**DATA RECORDS**
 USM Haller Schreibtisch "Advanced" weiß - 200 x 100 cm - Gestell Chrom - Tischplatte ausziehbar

...

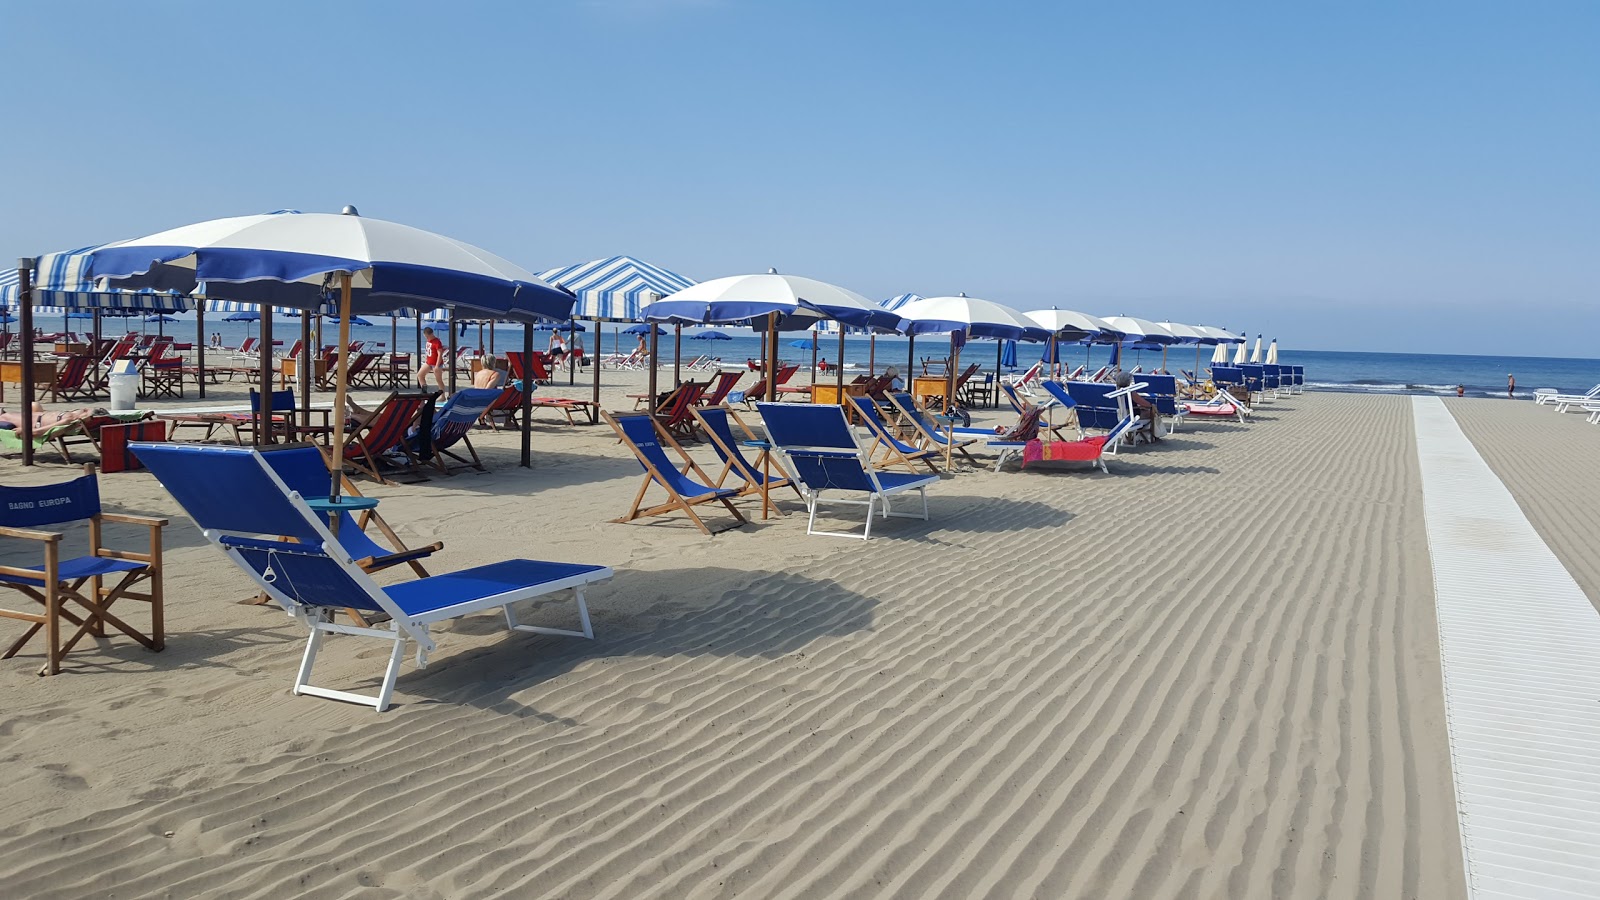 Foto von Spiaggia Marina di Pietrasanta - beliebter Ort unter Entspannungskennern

==

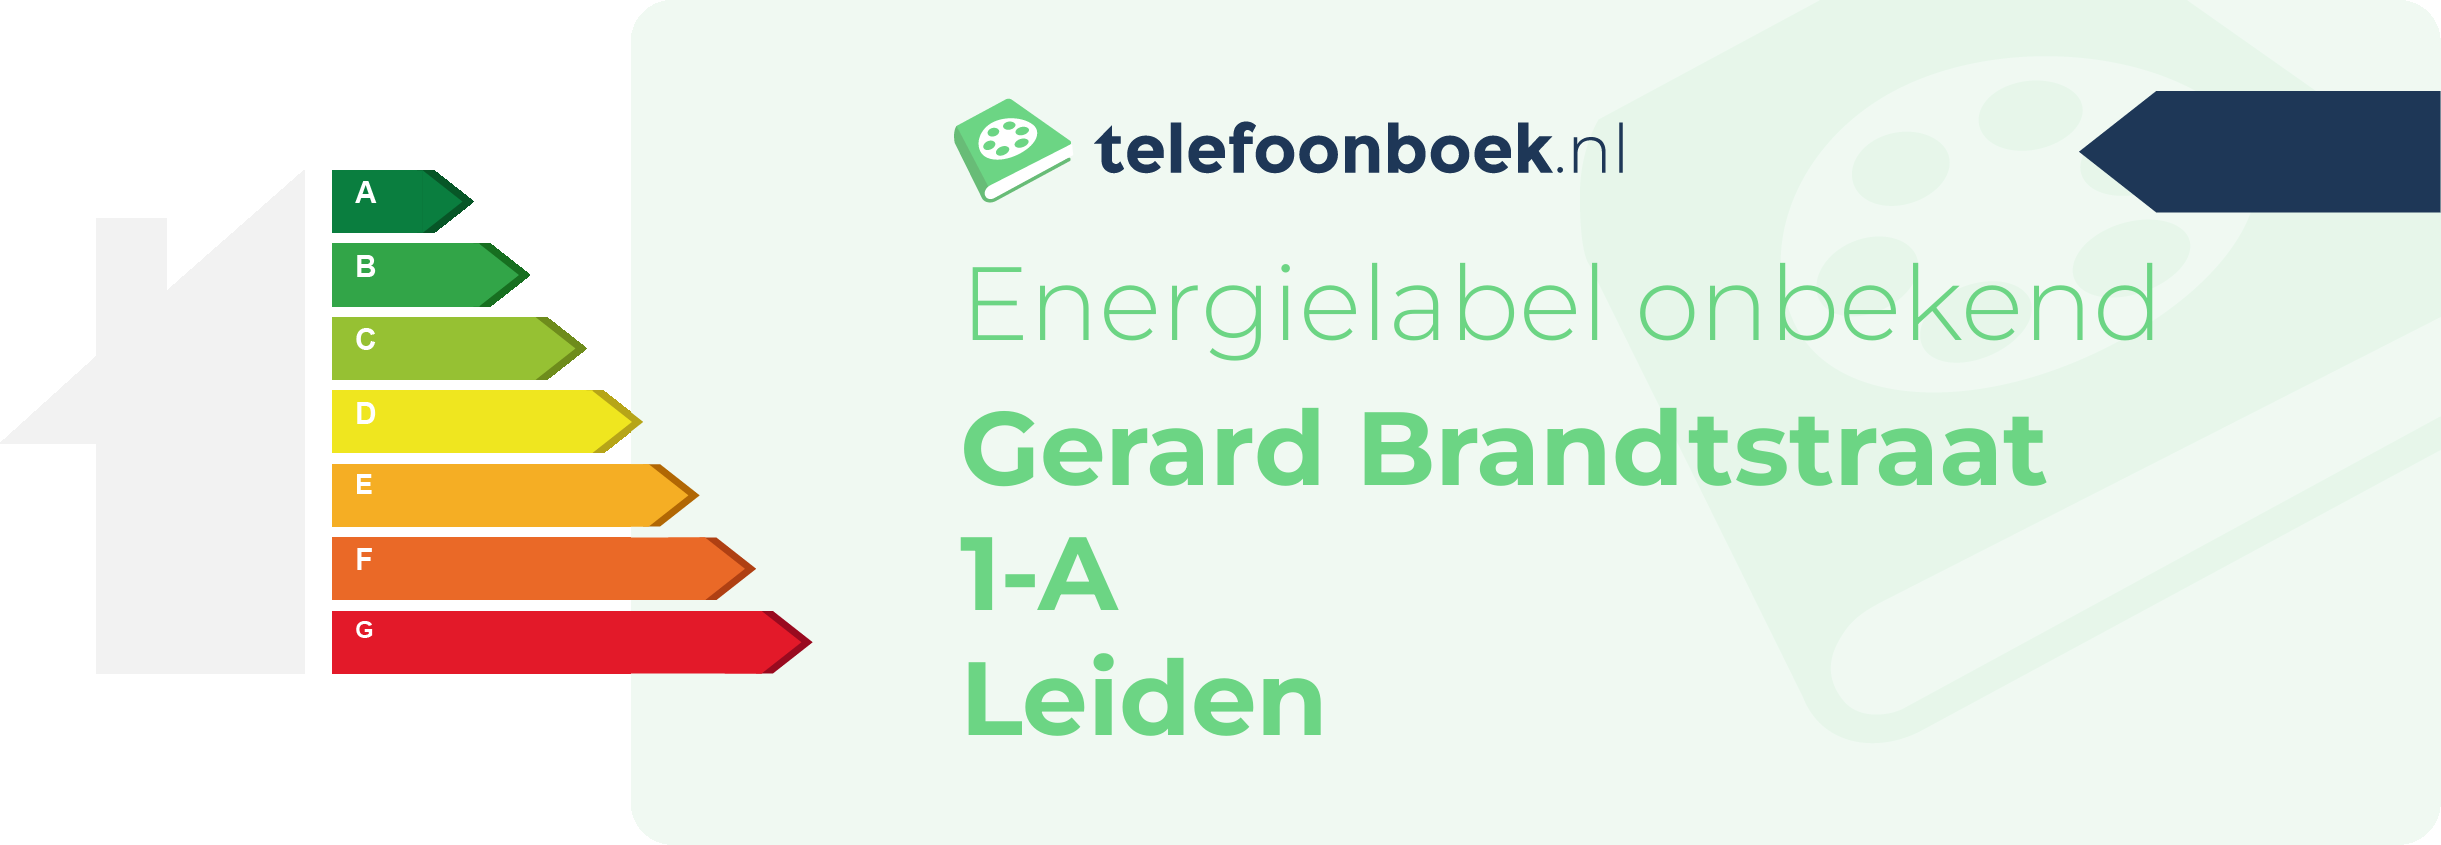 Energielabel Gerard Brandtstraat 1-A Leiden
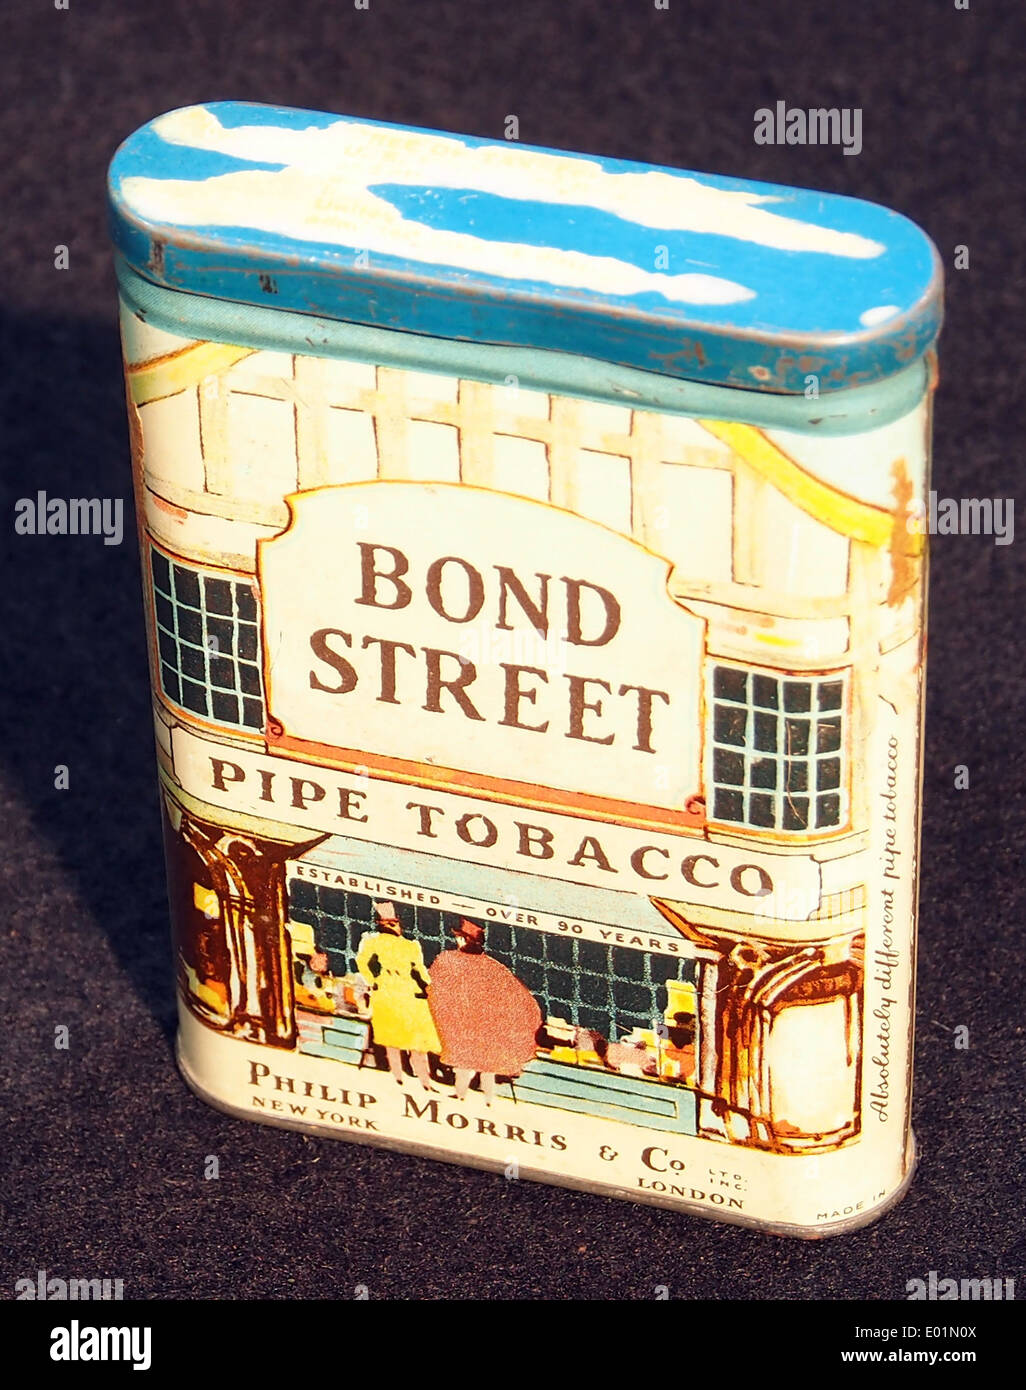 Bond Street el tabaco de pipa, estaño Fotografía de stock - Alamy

**EXERCISE REQUIREMENTS**
Transcribe the listing above exactly, but only from the line with "Energielabel Gerard Brandtstraat 1-A Leiden" through the line with "Bond Street el". Include both of those lines and omit the pictures.

**SOLUTION FOR THIS EXERCISE**
 Energielabel Gerard Brandtstraat 1-A Leiden
 Bond Street el tabaco de pipa, estaño Fotografía de stock - Alamy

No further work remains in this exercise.